From observing how my wife tries to figure computer stuff out (and she is both smart and with it) I think that some people have internal models of how computers work and some don’t. Things obvious to the former are mysteries to the latter. People in the first set can figure out how to do things in new environments, people in the second set get totally confused. So don’t even try to get her to skip a step, write very explicit instructions and expect to be called for each new situation.
This sounds an awful lot like my mother in the very early stages of her multi-infarct dementia. Some things were easy (Netflix/DVD players/driving are reasonably intuitive), but new things on the computer were beyond her retentive abilities.
I’ve known a lot of people that don’t know the difference between a computer and a monitor. Or, rather, I think they know that there’s an actual difference, but in their mind, they (or they choose) to just refer to the entire thing as one or the other. In one case, I had a friend that called the computer ‘the modem’. To be fair, that really only comes into play when you’re trying to troubleshoot. "My monitor won’t turn on’ means something entirely different to you than to them.
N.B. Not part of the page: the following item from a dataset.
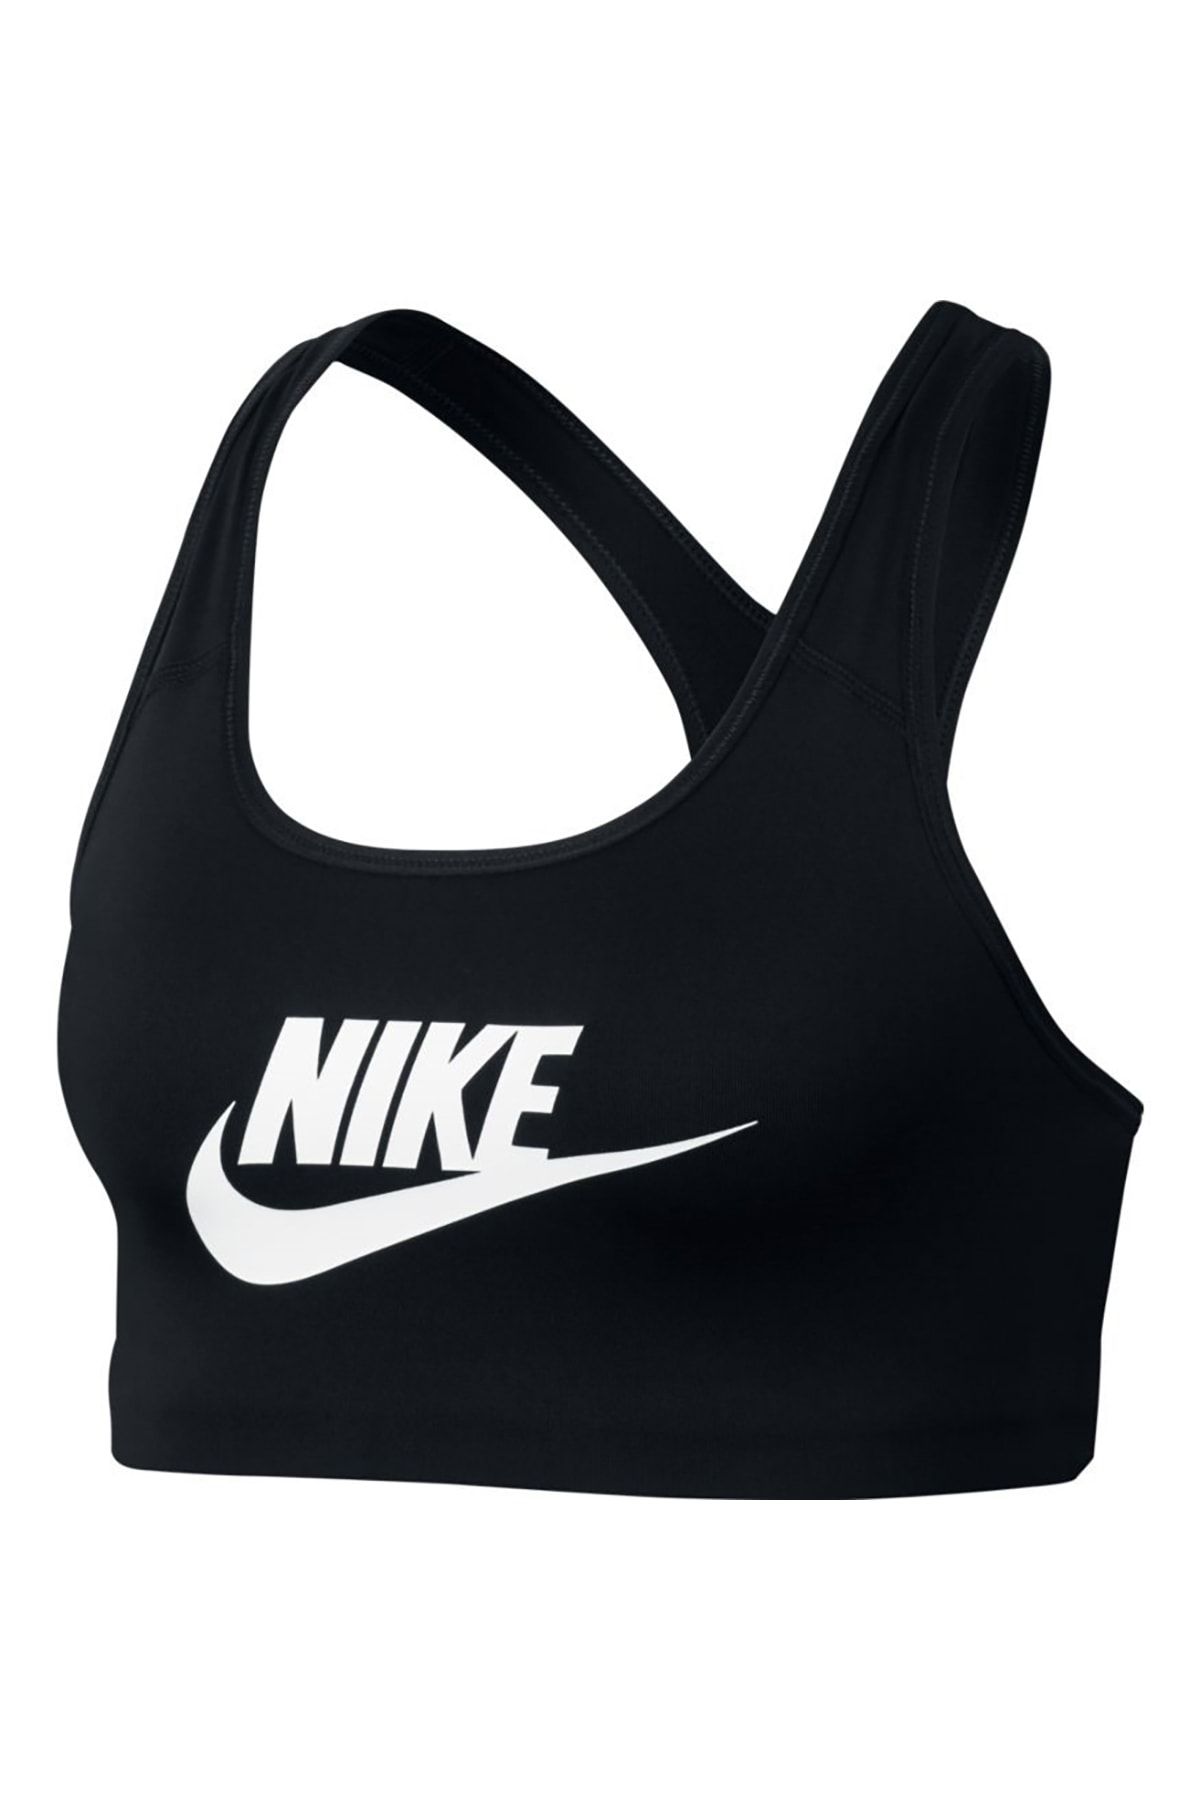 Nike Kadın Bustiyer - 899370-010

As for facebook. I’ve found it best to just let people (‘parents’/50s/60s etc) just get on there and figure it out. IME, if you explain to them that typing something ‘here’ means everyone sees it, typing something ‘there’ just replies to something and 'just scroll up and down for and see what you see, they’ll figure it out. The only thing they really need to know, other than very basic security/scam stuff is to assume that whatever they type, anyone can see. Don’t call Jane a slut or she’ll probaly find out.
Now, when I’ve used this method, I’ve told people to ask me if they have a question or concern about how to do something, but, in general, they’re not going to hurt anything by posting a status, or using the comments under a picture of a grandkid to say ‘did you want dateline last night, we need to get together’.
Give them a shot and see what happens. Don’t under estimate what they can do.
ETA, OTOH, I have an aunt that took her hatred for Spectrum to the grave because I couldn’t convince her that it wasn’t actually them that locked up her computer (random call, then she downloaded ransomware). So there’s that too.